Exercise brief >> The reply should be an exact repeat of the listing, with no pictures in it.
Recorded information section start
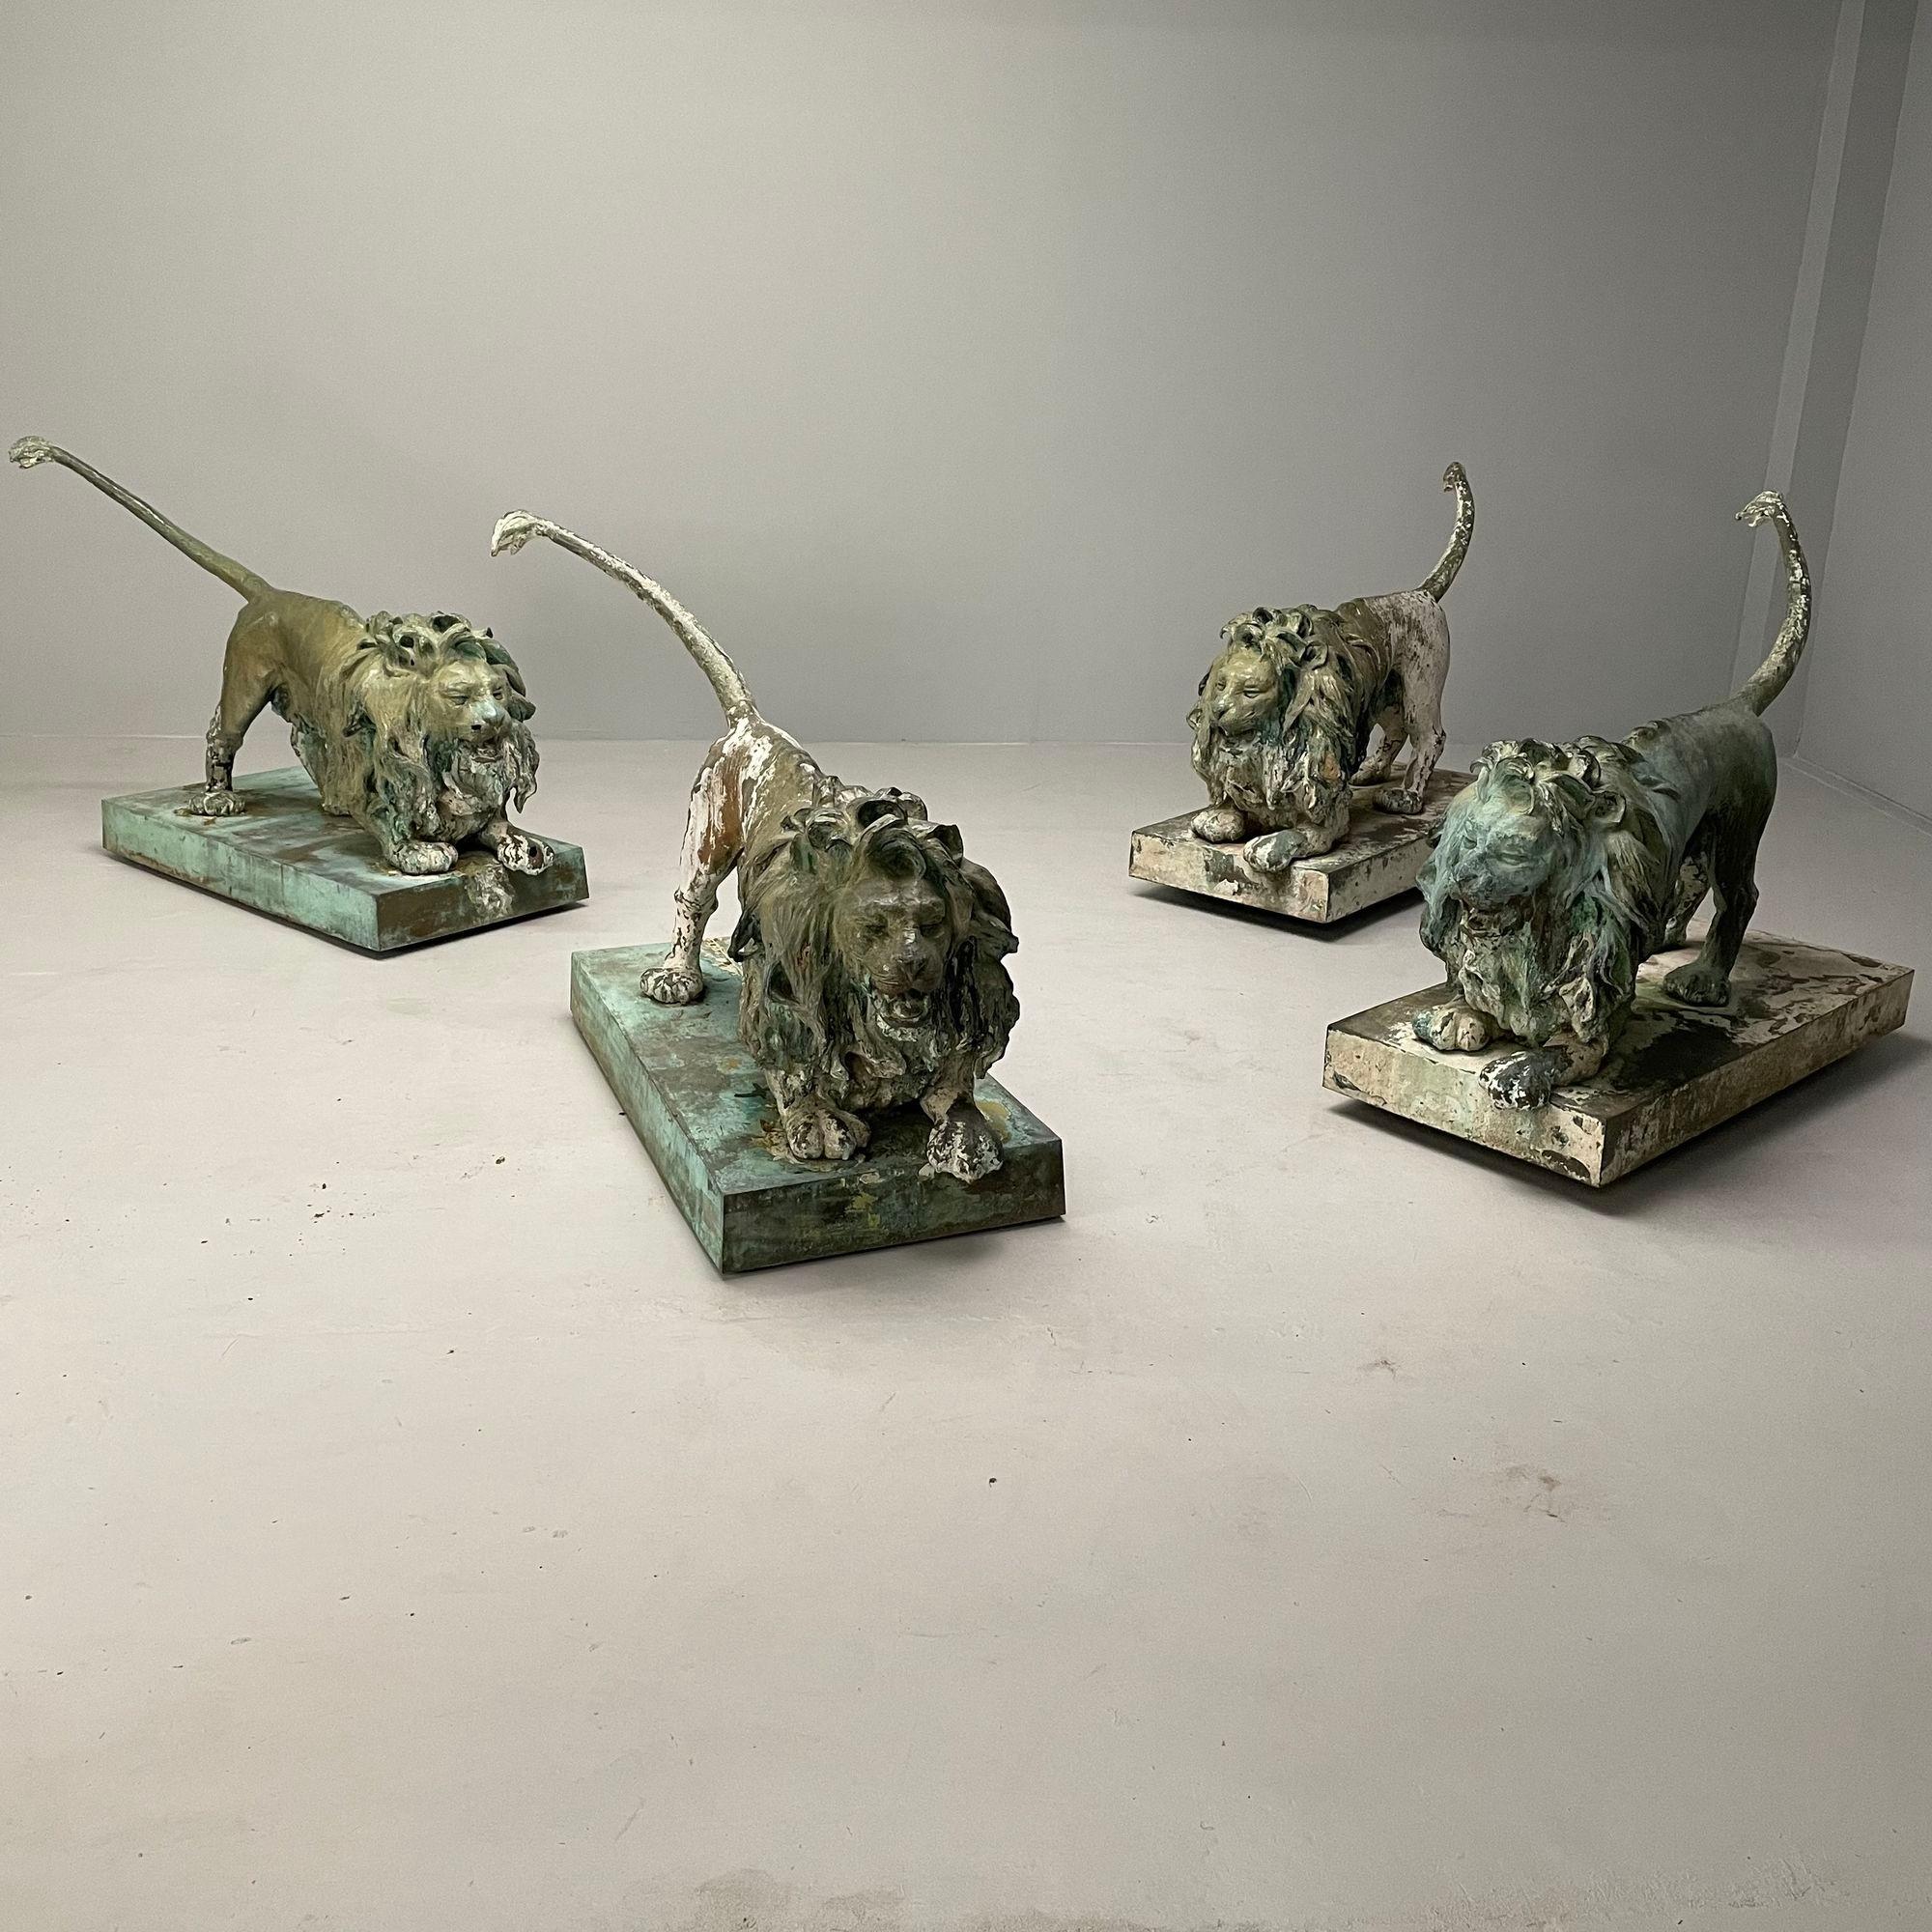 Renaissance Lion Fountains, Lifesize Outdoor Statues, Patinated Bronze, England, 1860s For Sale
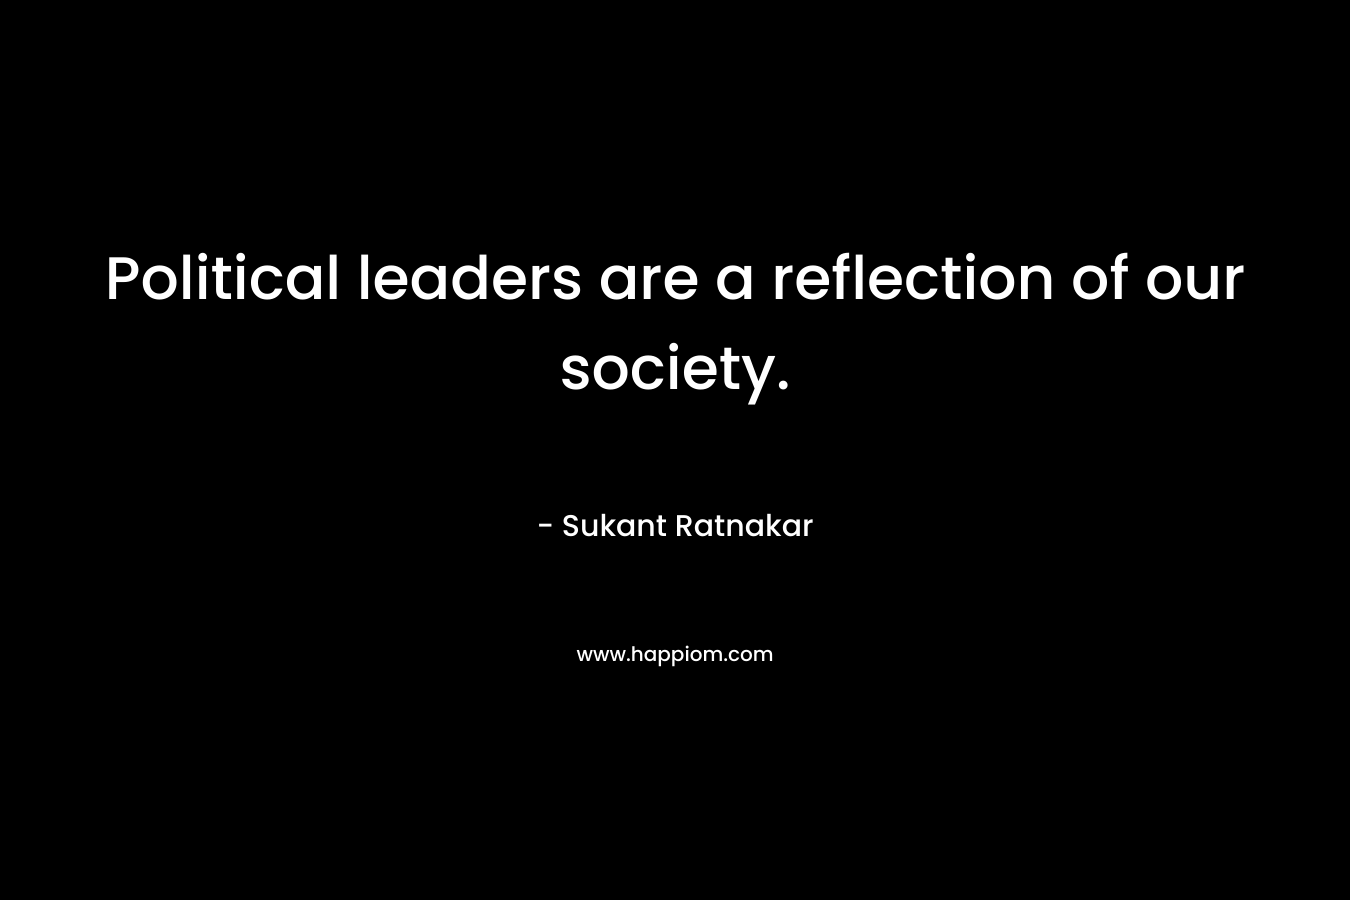 Political leaders are a reflection of our society.
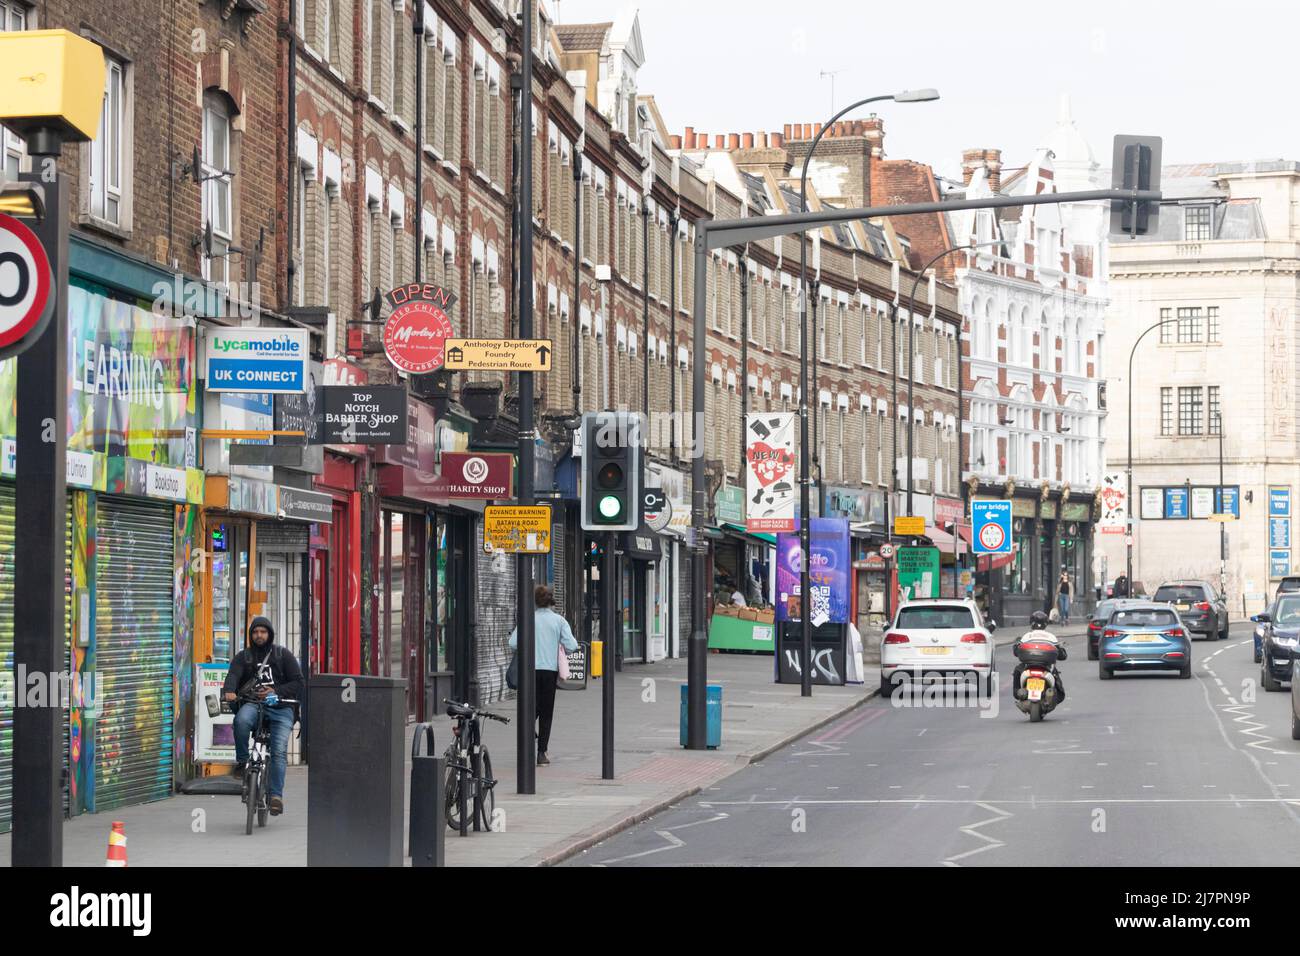 Daytime view of shops, pedestrians, and traffic on New Cross Road in London, England. Stock Photo
Recorded information section end
Response to this task >>
 Renaissance Lion Fountains, Lifesize Outdoor Statues, Patinated Bronze, England, 1860s For Sale
 Political leaders are a reflection of our society.
 Daytime view of shops, pedestrians, and traffic on New Cross Road in London, England. Stock Photo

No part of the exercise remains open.